Turns out I couldn't be more wrong.

------
treblig
Incredibly cool and in-depth post. But it's funny, I just assumed the
conclusion intuitively since the first time I used a blue bird.

------
spicyj
Please note that "its" is the correct word to use in the title and the Wired
article had it correct.

Edit: Thanks.

------
JangoSteve
I noticed something was not being conserved with the blue bird when I first
tried out Angry Birds. My strategy was usually to explode the bird just before
collision to take advantage of the extra force.

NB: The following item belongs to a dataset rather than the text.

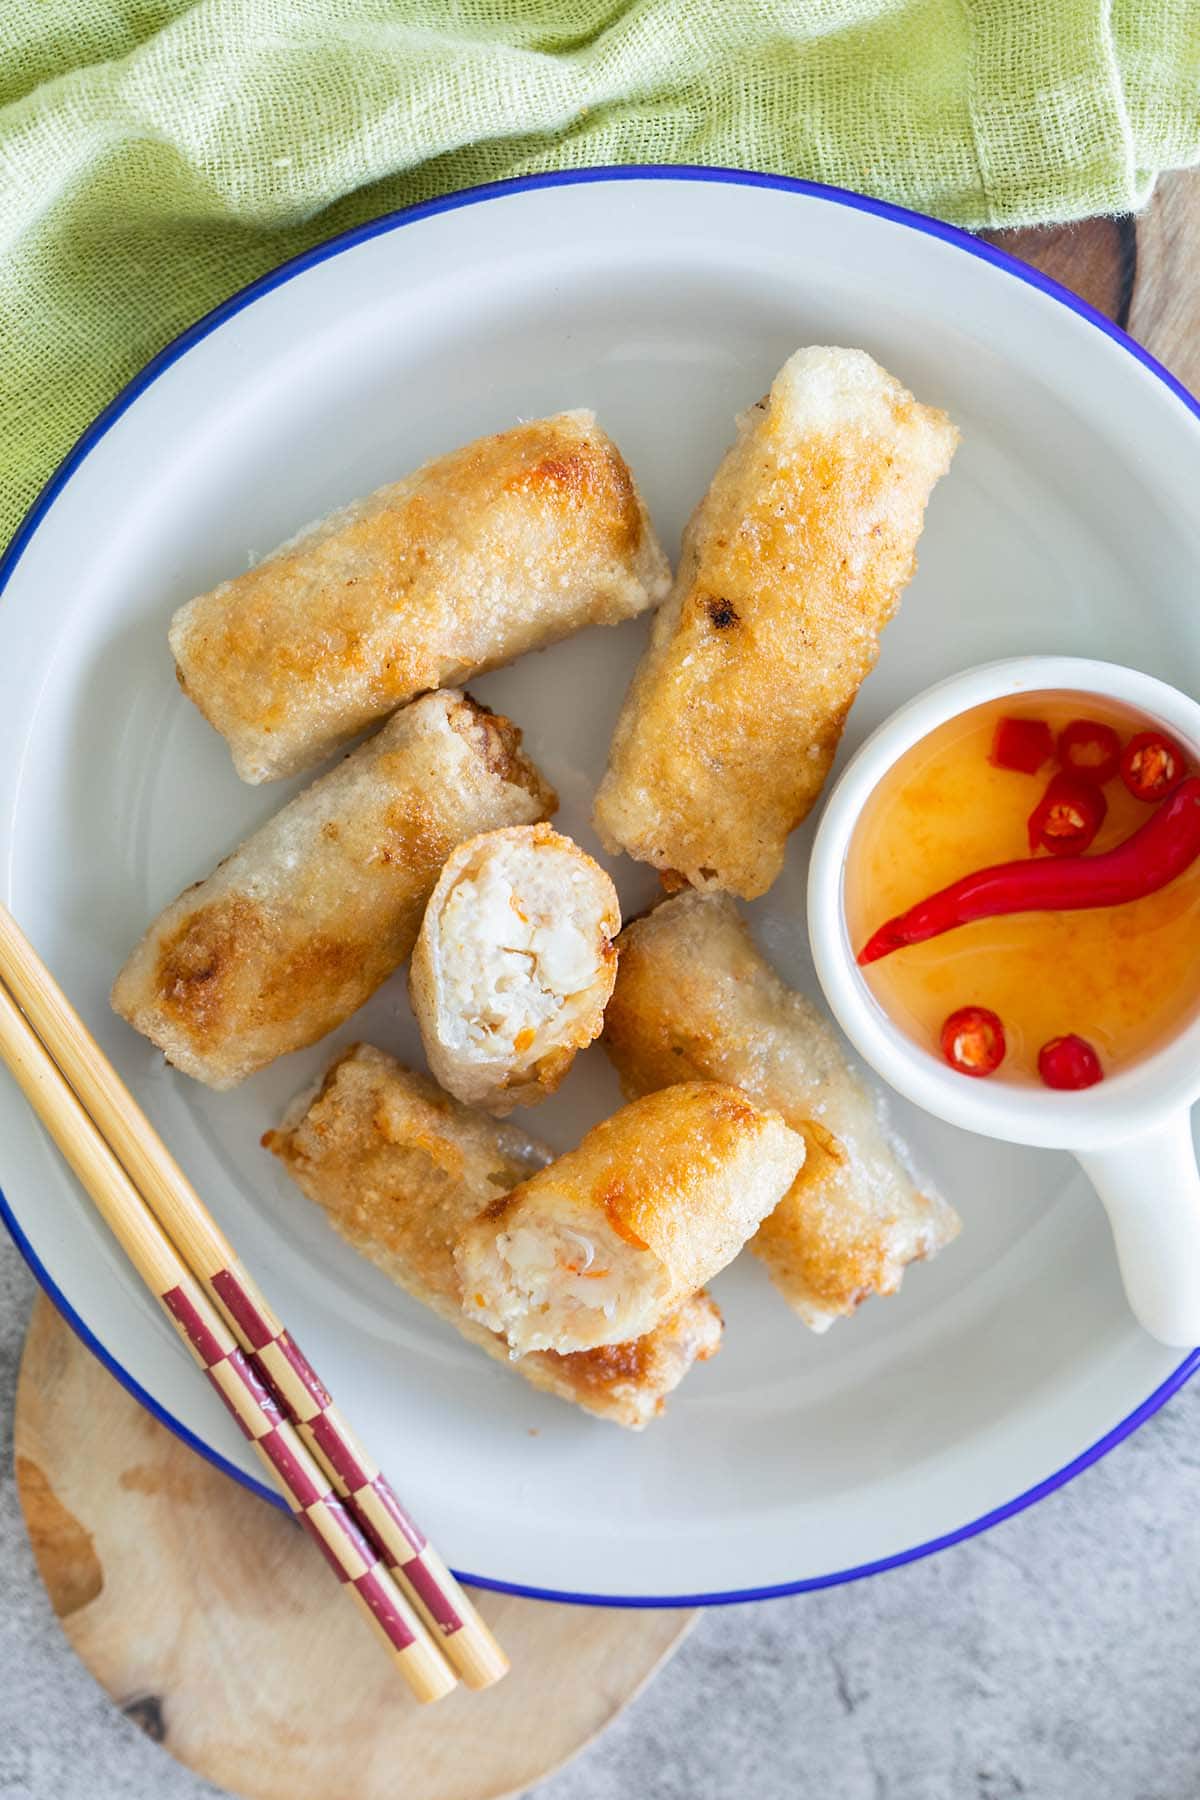 Best Vietnamese spring rolls (Cha Gio) recipe. These crispy fried Vietnamese rolls are crispy with ground pork filling and served with a dipping sauce.

My assumption was that the mechanism for splitting 1 bird into 3 birds was an
internal explosion. This would introduce a large amount of energy into the
system and account for increased velocity in the resulting birds, and thus the
increased momentum.

Of course there is a way to test my theory (and I realize it probably has
little basis in how the game was actually programmed, but it satisfied my
mechanical engineer side to reconcile what I was seeing with reality). You
could launch the blue bird such that it falls just to the right of a standing
piece of wood and "explode" it just as it's right next to the wood. If it is,
in fact, an explosion that propels all 3 new birds to the right, then there
would be an equal force directed to the left, which should knock the piece of
wood over without touching it.

------
kylec
Tomorrow: Does the angry yellow bird violate the conservation of momentum?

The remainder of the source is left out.